The president of Mexico rightly points out that U.S. policy is at the
root of this nightmare. Not only did we invent the war on drugs, but
we are the primary consumers.

The obvious solution is cutting the demand for drugs in the United
States. Clearly, it would be the death of the cartels if we could
simply dry up the market. Unfortunately, every effort to do this has
met with resounding failure. But now that the Roaring '00s have hit
the Crash of '09, the money has vanished once again, and we can no
longer ignore the collateral damage of Prohibition II.

Two weeks ago, a conservative former superior court judge in Orange
County told the Los Angeles Times that legalization was the only
answer, and of 4,400 readers who responded immediately, the Times
reported that "a staggering 94 percent" agreed with him.

This is another pivotal moment in U.S. history, strangely resonant
with 1933. The war on drugs has been a riveting drama: It has given
us great television, filled our prisons and employed hundreds of
thousands as guards, police, prosecutors and probation officers. But
the party's over.

Here is a glimpse of what lies ahead if we fail to end our second
attempt to control the personal habits of private citizens.
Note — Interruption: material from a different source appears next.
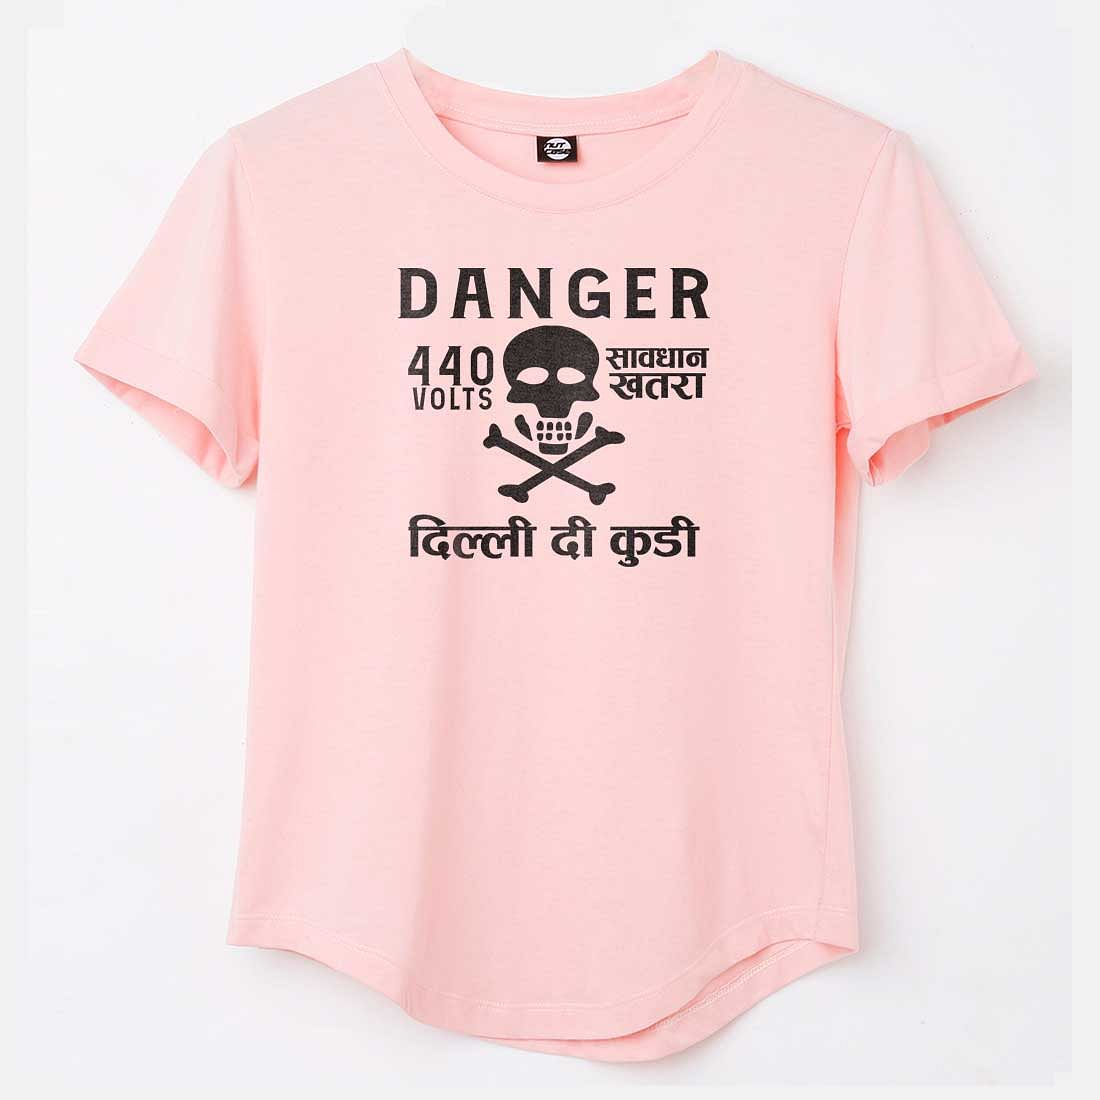 Funny Tees City Tshirts - Danger Delhi di Kuddi 44 volts Nutcase

Listen to
Enrique Gomez Hurtado, a former high court judge from Colombia who
still has shrapnel in his leg from a bomb sent to kill him by the
infamous drug lord Pablo Escobar. In 1993, his country was a
free-fire zone not unlike Mexico today, and Gomez issued this
chilling -- and prescient -- warning to an international drug policy
conference in Baltimore:

"The income of the drug barons is greater than the American defense
budget. With this financial power they can suborn the institutions of
the State, and if the State resists ... they can purchase the
firepower to outgun it. We are threatened with a return to the Dark Ages."

Ending prohibition won't solve our drug problem. But it will save us
from something far worse. And it will put drug addiction back in the
hands of the medical profession, where it was being dealt with
successfully -- until we called in the cops.